Exactly one year ago, the James Webb Space Telescope amazed the world by showing its potential through the first scientific images. On April 12, 2022, NASA released infrared images of the first five targets, and it could have been just the beginning of the data collection that will provide work for astronomers and astrophysicists for many years to come.
To celebrate the end of the first year of science, NASA announced that they would be sharing a new photo, and they’ve been true to their word. This is not just an image, but infrared processing that has never been seen with such clarity. It comes with an extension A star-forming region known as Rho Ophiuchi, located 390 light-years from Earth In fact, the closest to us among areas of this kind. We give it to go on, and then we’ll talk about it better because there are too many details to describe.
The infrared image shows in detail which area It contains about fifty young stars It has roughly the same mass as our Sun. The darkest regions in the image are those where the dust is most dense and where protostars are still forming.

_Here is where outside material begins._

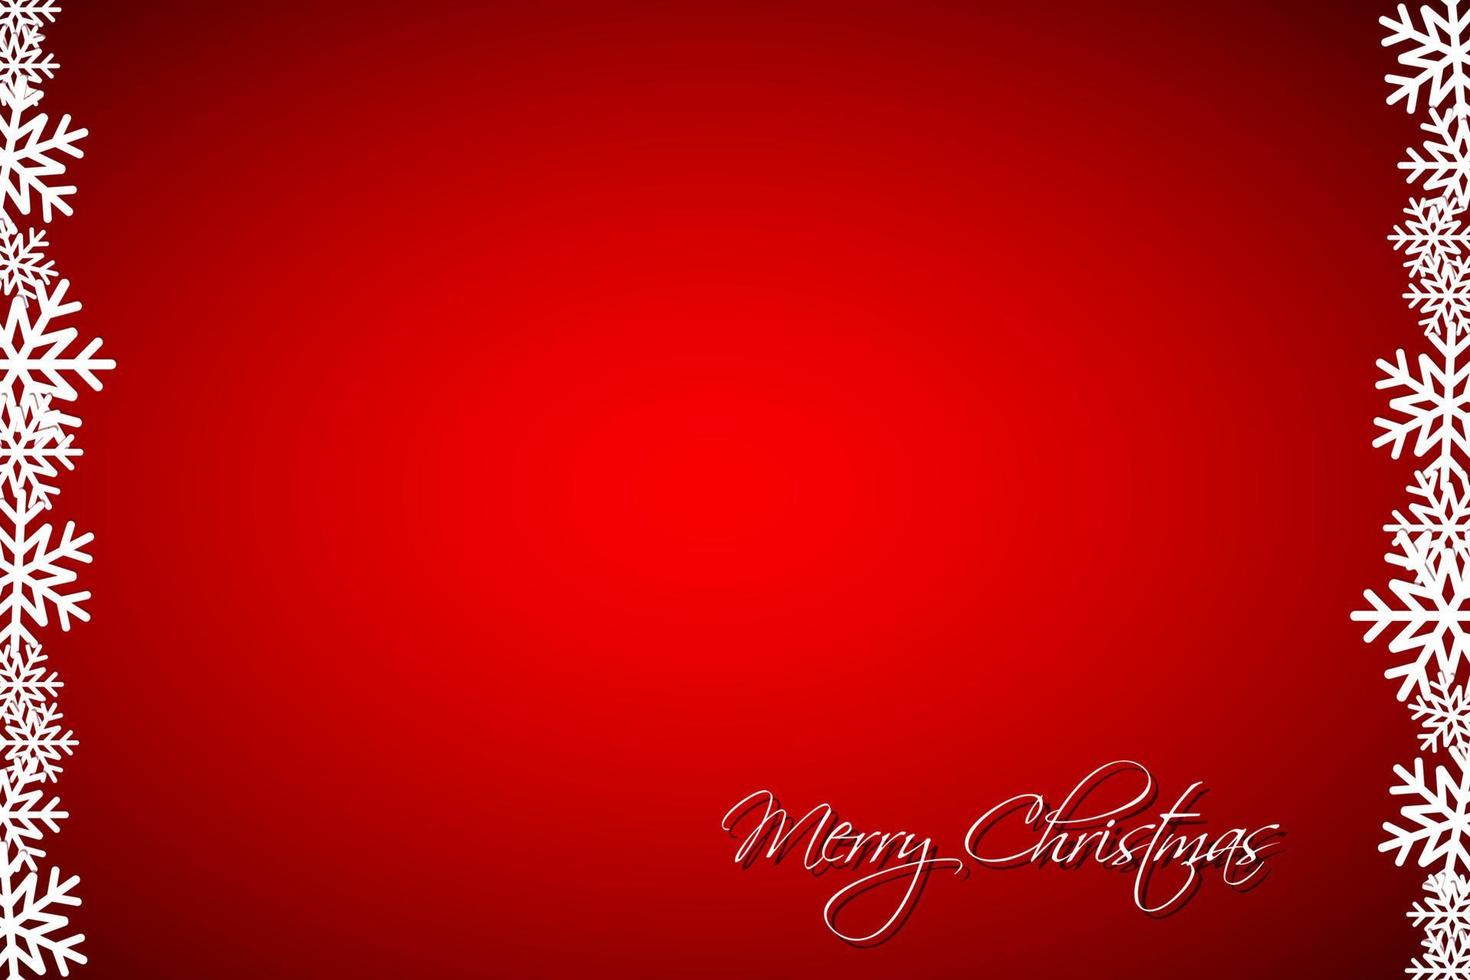 Fondo rojo navideño con copos de nieve, tarjeta navideña simple, ilustración vectorial moderna, feliz navidad vector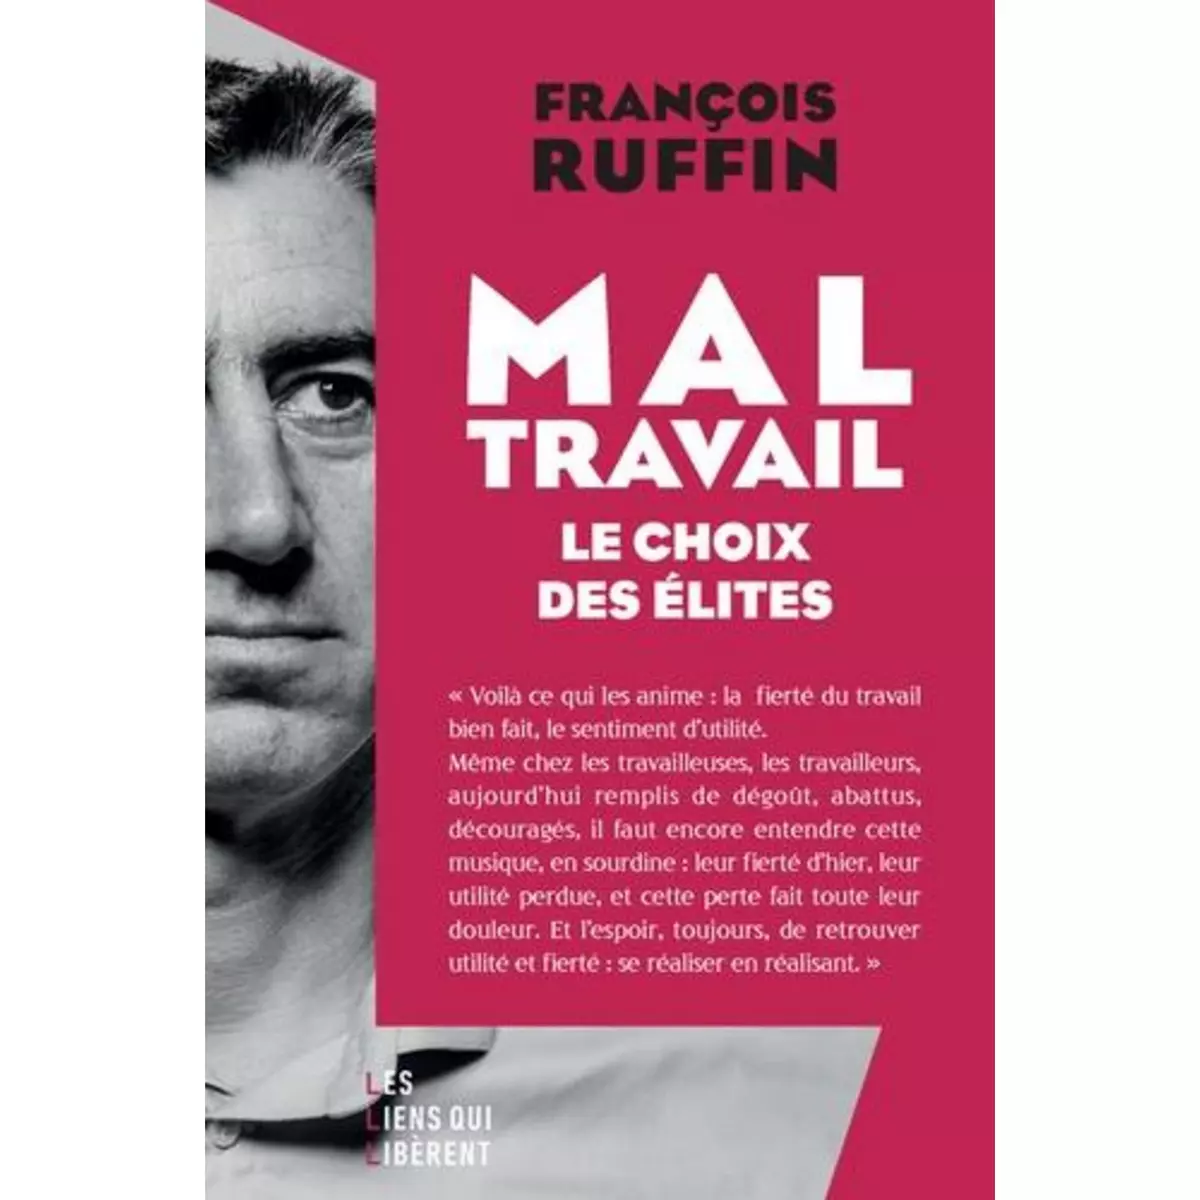  MAL-TRAVAIL. LE CHOIX DES ELITES, Ruffin François

The regions in red delineate the giant jets of molecular hydrogen They are visible vertically on the right and in the upper part of the image. Their formation is remarkable considering that they appear when a star first explodes through its envelope of cosmic dust, shooting a pair of opposing jets into space. NASA uses a poetic parallel to define them, saying they act Like a newborn baby stretching its arms out into the world for the first time..
In the middle of the lower half of the image we see the star S1, which was able to excavate a real cave in the dust. It is also the only star in the picture that is much larger than our Sun.
Anyone wishing to download a high-resolution image (12778 x 11968 in PNG format weighing 135.00MB) can do so from the link in SOURCE.